Sanguessugas – Uma Comédia Marxista sobre Vampiros
Analogias entre os reflexos de classe
Por Vitor Velloso
Durante a Mostra de SP 2021
“Sanguessugas – Uma Comédia Marxista sobre Vampiros” é um filme tão estranho quanto o título propõe. Necessariamente menos marxista para fazer sua comédia funcionar sem grandes debates que iriam falhar com a progressão, o longa de Julian Radlmaier mistura é a comédia sobre a “luta de classes” em um ambiente fechado, aristocrático e burguês, onde o proletário soviético com o sonho de ir à Hollywood entra em conflitos amorosos com o mordomo ao disputar o amor da senhorita Flambow-Jansen. Apesar da sinopse categorizar a obra como uma “comédia política sobre vampiros”, a coisa é menos complexa que parece. Não existe uma discussão aqui, apenas a exposição dessa relação de classes e como a aristocracia, em decadência, menospreza a burguesia, que estava em processo de ascensão, e ambas insultam constantemente os trabalhadores.

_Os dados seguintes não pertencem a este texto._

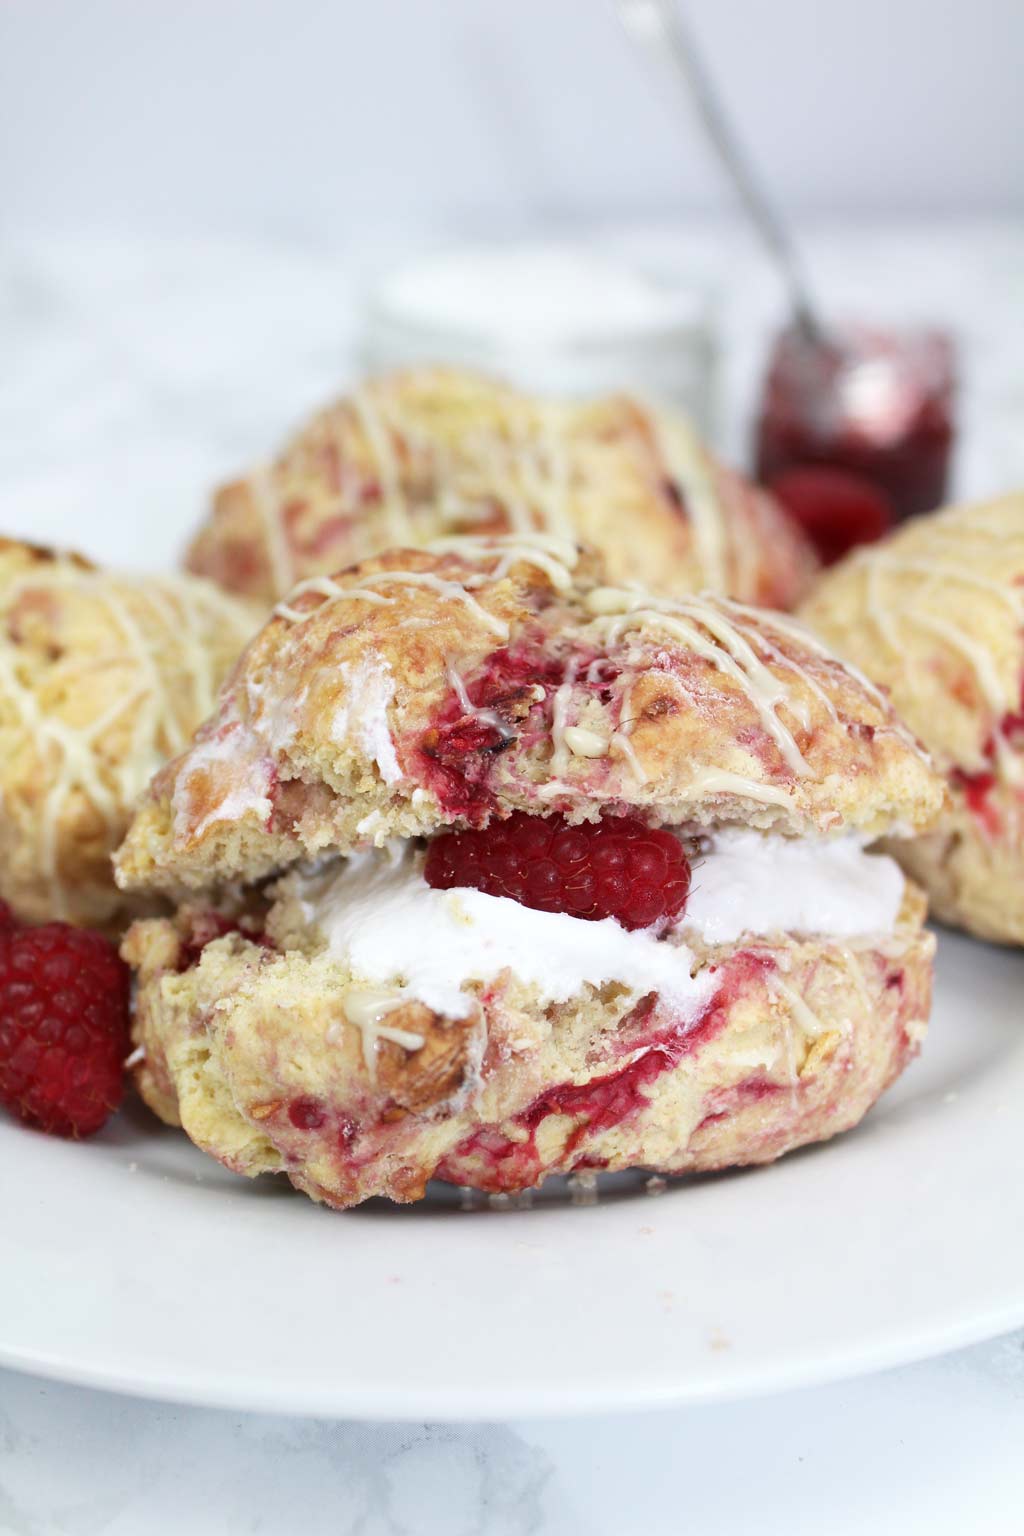 Raspberry white chocolate scone on a plate with whipped cream in the middle

Talvez o elemento que mais funcione diretamente nessa grande sátira, seja justamente o citador, que para aproximar-se do poder, procura encantar a todos com suas citações constantes, a fim de demonstrar o profundo conhecimento que tem do pensamento dos outros. O personagem se torna um divisor de águas não apenas à comédia em si, mas para a narrativa, já que sua chegada mexe por completo com essas relações que se moldam no interesse e nos desejos reprimidos. “Sanguessugas – Uma Comédia Marxista sobre Vampiros” investe em piadas que envolvem os desejos frustrados do refugiado soviético, sua relação com Eisenstein e seus problemas políticos com o país por conta de divergências políticas. Tudo isso é costurado por algumas leituras marxistas coletivas que a montagem insere com alguma frequência em um esquema próximo a “O vento do Leste” (1970), menos prolixo e mais engraçadinho.
O problema é que essa grande quantidade de elementos, que possui a ameaça vampiresca na região, nunca funciona muito bem ao ponto de justificar essa projeção fragmentada e pouco objetiva em sua construção. Por mais que consiga ser genuinamente engraçado em algumas situações, como quando situa que os trabalhadores são incapazes de comprar o produto que fabricam e precisam contrabandear com um chinês à beira da praia, tudo soa apenas uma inserção rasteiramente política para se criar algum contexto que essas relações entre a classe sejam atravessadas pela questão vampiresca. Existem diversas analogias aqui, a própria questão do espelho é vista como uma síntese dessa consciência social. A figura do ator falido se torna uma parte do imbróglio da alta sociedade já que o jogo da sedução termina na produção de um filme sobre vampiros e desejos retraídos, levando a diversos julgamentos pouco amistosos. Ainda assim, essa estrutura cadenciada de “Sanguessugas – Uma Comédia Marxista sobre Vampiros” até vai funcionando por um tempo, como uma ironia desengonçada, tropeçando nas próprias cenas e fazendo humor com os erros de seus personagens.
Acaba sendo um projeto turbulento no funcionamento e com linguagem bastante comum ao que vem sendo produzido no gênero na Europa, especialmente na Alemanha, a estilização do humor sem expressões, pouco físico (com exceção do mordomo e do citador), que aposta na esquisitice de suas situações para desenvolver a comicidade através dos desajeitados e da monotonia. Como o subgênero instalado ao longo dos últimos anos, possui bons momentos e o rigor do cinema alemão nas composições entre o estoicismo e a ironia, sem grandes interrupções nesse fluxo. A grande questão é que depende diretamente do espectador para que essa proposta funcione na íntegra, nesse estilo particular que possui tantos altos e baixos que a experiência é sempre pautada pelos seus ápices, que não são muitos, mas salvam o longa.
“Sanguessugas – Uma Comédia Marxista sobre Vampiros” teve um atraso considerável para ser liberado, pelo mesmo motivo de “O Compromisso de Hasan”, a legenda estava comprometendo por completo o filme, mas quando foi disponibilizado tudo estava na perfeita ordem e a Mostra de São Paulo escolheu um filme que assim como “Eu não me importo se nós entrarmos na história como bárbaros” mantém uma certa tradição das comédias europeias que ironizam parte do passado de seus países sem um revisionismo histórico que não atravesse alguma crítica.